The impact of hurricanes Katrina and Rita on natural gas prices and transportation costs created diverse offsetting effects on our business. Increased energy and transportation prices are expected to represent a significantly larger portion of consumer household incomes during the remaining winter heating season (first quarter of 2006), raising the possibility that we will experience some additional bad debt expense, as well as some margin erosion from increased consumer conservation. These higher prices have thus far been mitigated in part by significantly warmer than normal temperatures in the eastern United States during the first half of the heating season. While we expect these factors to have some impact on our financial results, primarily in the first half of 2006, we have regulatory and operational mechanisms in place in most of our jurisdictions that we expect will help mitigate our exposures to high natural gas prices.

The market dynamics brought on by the two hurricanes presented opportunities for Sequent and for our own utilities through Sequent’s affiliate asset management agreements. Sequent drew upon its knowledge of the natural gas grid to move gas from supply sources and deliver it to its customers, which involved moving gas over less traditional routes due to Gulf Coast infrastructure limitations. For additional information regarding the impacts of these hurricanes on our business, see “Results of Operations - Distribution Operations” and “Results of Operations - Wholesale Services.”

Regulatory Environment

We continue to manage the ongoing challenge of operating in a regulatory environment that generally does not measure or reward innovation and operational efficiency. In particular, traditional "cost of service" regulation, which was originally designed to simulate the actions of a competitive market, has not kept pace with the vast changes taking place in the natural gas industry, in technology utilization and in the global economy. These are factors that, to various degrees affect our company.
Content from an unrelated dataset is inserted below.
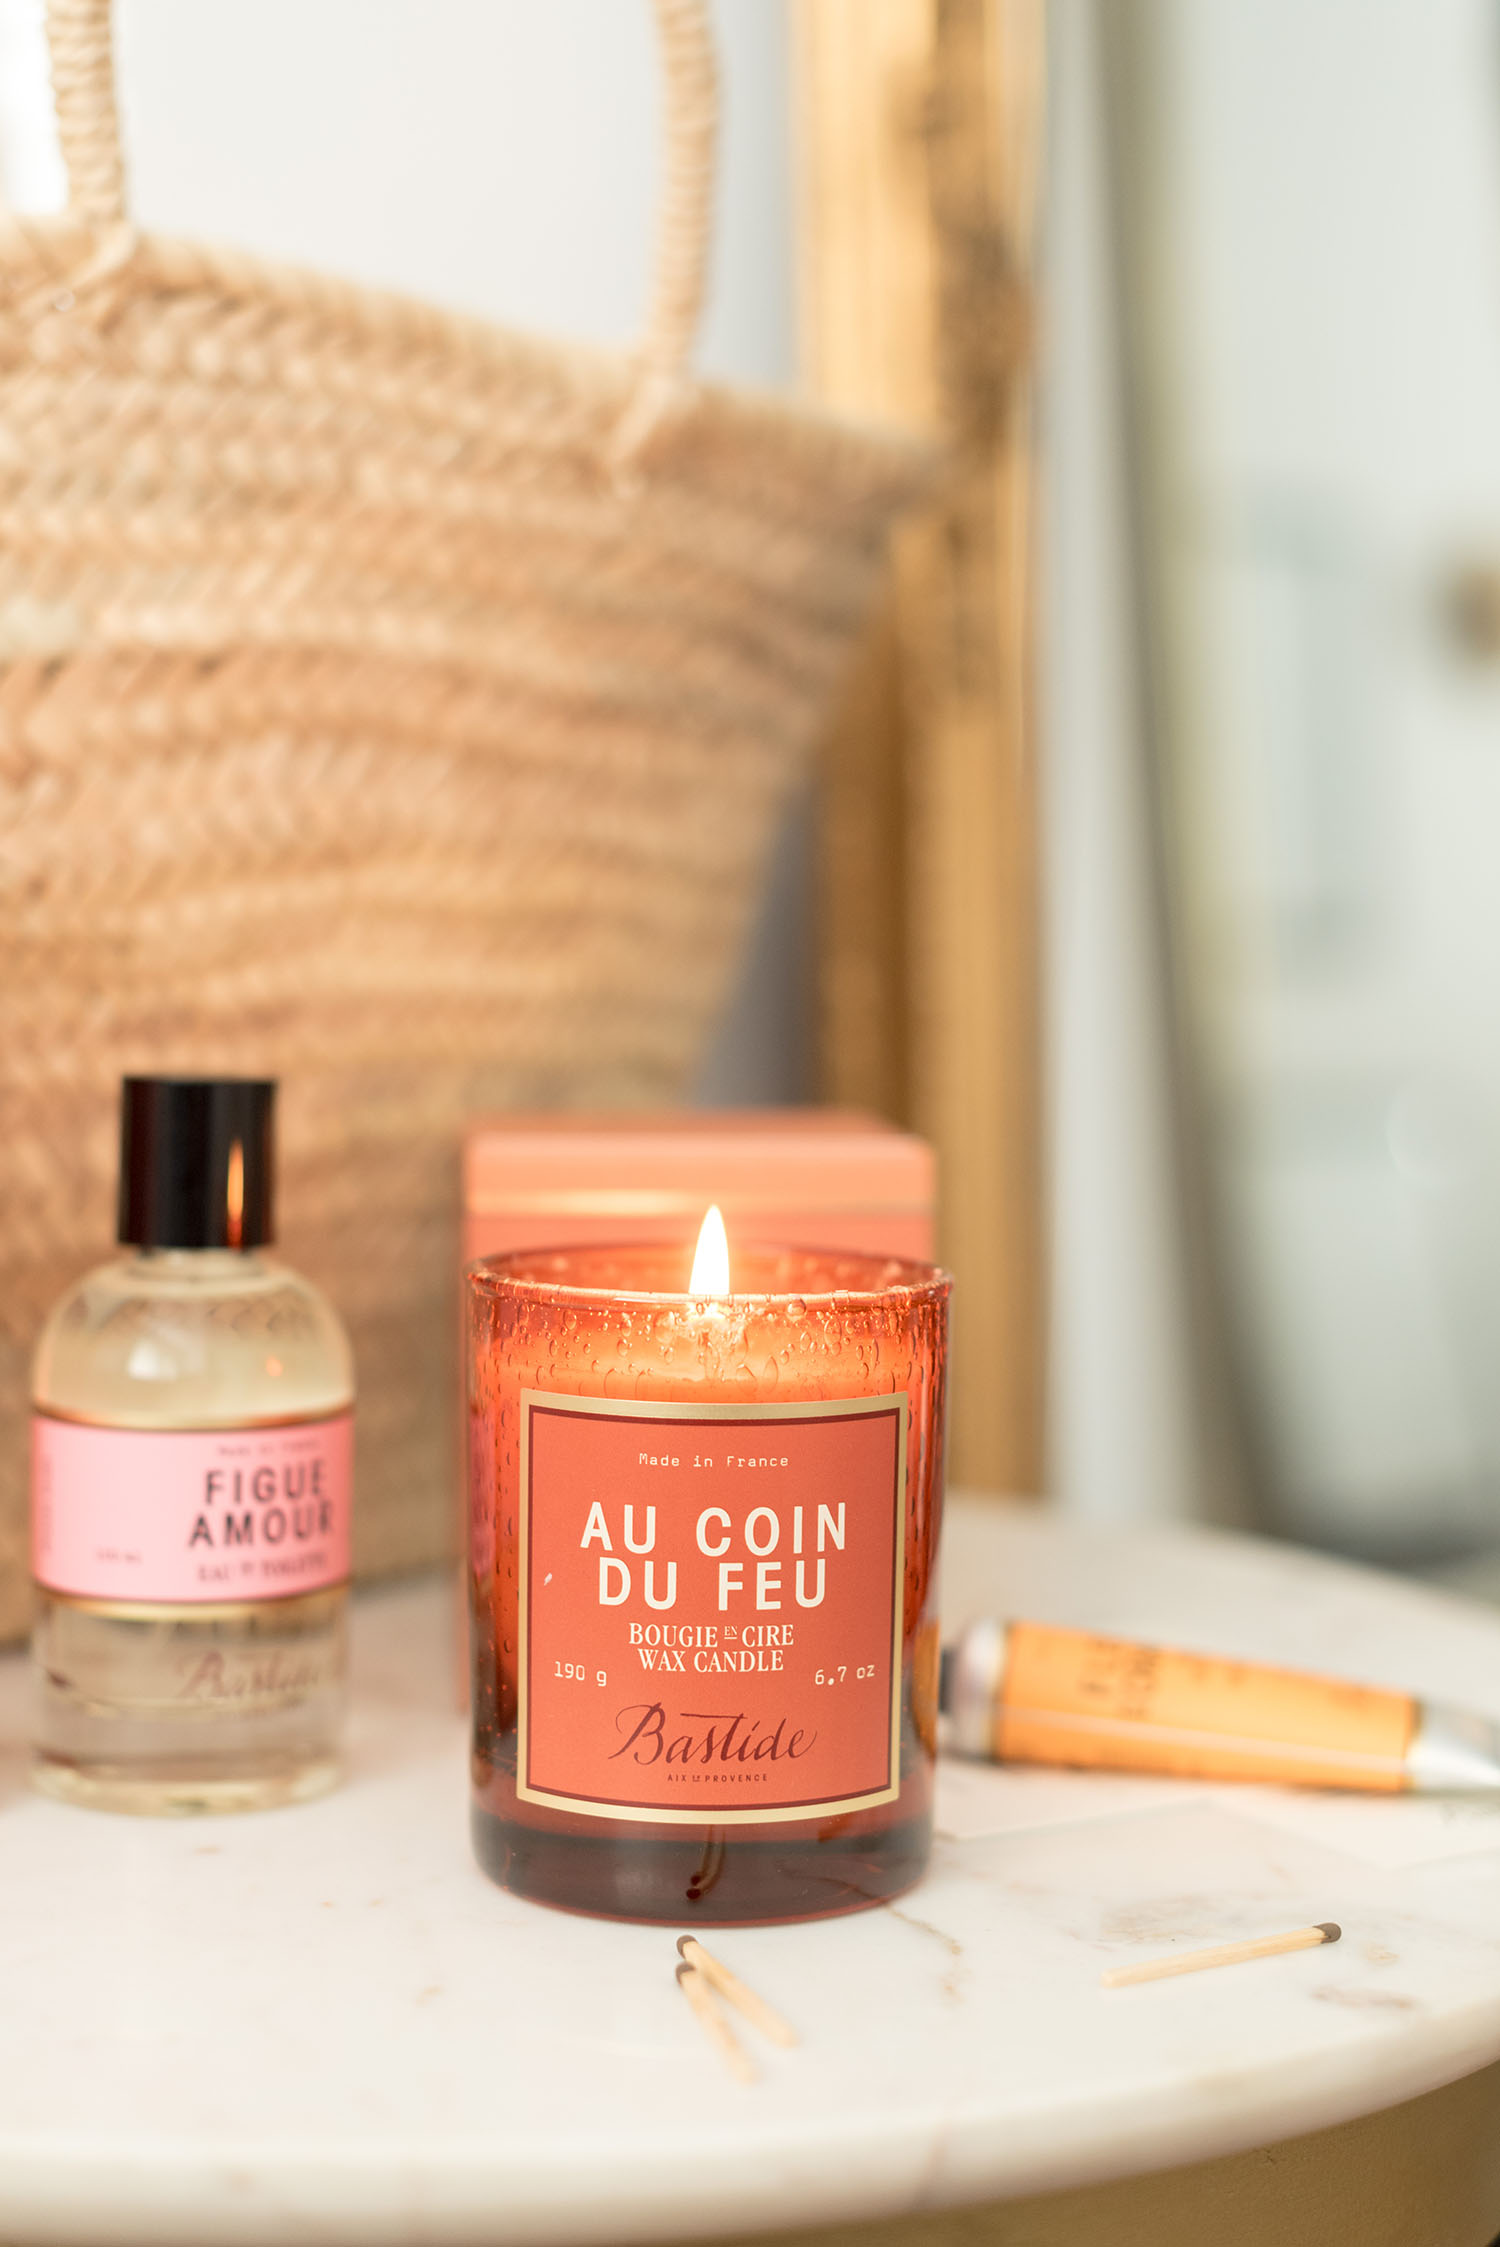 Au Coin du Feu, the newest candle from Bastide, as captured by top Canadian beauty blogger Cee Fardoe of Coco & Vera

The staffs of various state rate setting agencies have argued for significantly lower rates of return on regulated investments without adequate attention to the effects those lower returns might have on capital reinvestment in the company’s regulated asset base; the “opportunity cost” to customers of not providing better and more efficient services; and the disincentive for excellence in management and operations that such returns create. 
 
Much of the rate setting is done in adversarial proceedings where rules of evidence and due process can vary greatly among the states.  As a result of these ongoing regulatory challenges, we will continue to seek to work cooperatively with our regulators, legislators and others as we seek, through rate freezes and performance-based rates, to create a framework in each jurisdiction that is conducive to our business goals. Furthermore, we will continue to make strategic investments in energy-related businesses that either are not subject to traditional state and federal rate regulation or are subject to limited oversight in order to add value for our shareholders. 
 
In August 2005, the Energy Policy Act of 2005 (Energy Act) was enacted. The Energy Act authorized many broad energy policy provisions including significant funding for consumers and business for energy-related activities, energy-related tax credits, accelerated depreciation for certain natural gas utility infrastructure investments and the repeal of the Public Utility Holding Company Act of 1935, as amended (PUHCA). The effective date of the PUHCA repeal is February 8, 2006. We continue to evaluate the Energy Act, but we expect to benefit from provisions in the legislation that will support our efforts to promote energy efficiency in a manner that benefits customers and shareholders.

The Energy Act gives the Federal Energy Regulatory Commission (FERC) increased authority over utility merger and acquisition activity, removes many of the geographic and structural restrictions that existed on the ownership of public utilities and eliminates certain regulatory burdens. Some of the reporting requirements, financing authorizations and affiliate relationship approvals that were previously required by the SEC under the PUHCA were replaced by the requirements of the Energy Act.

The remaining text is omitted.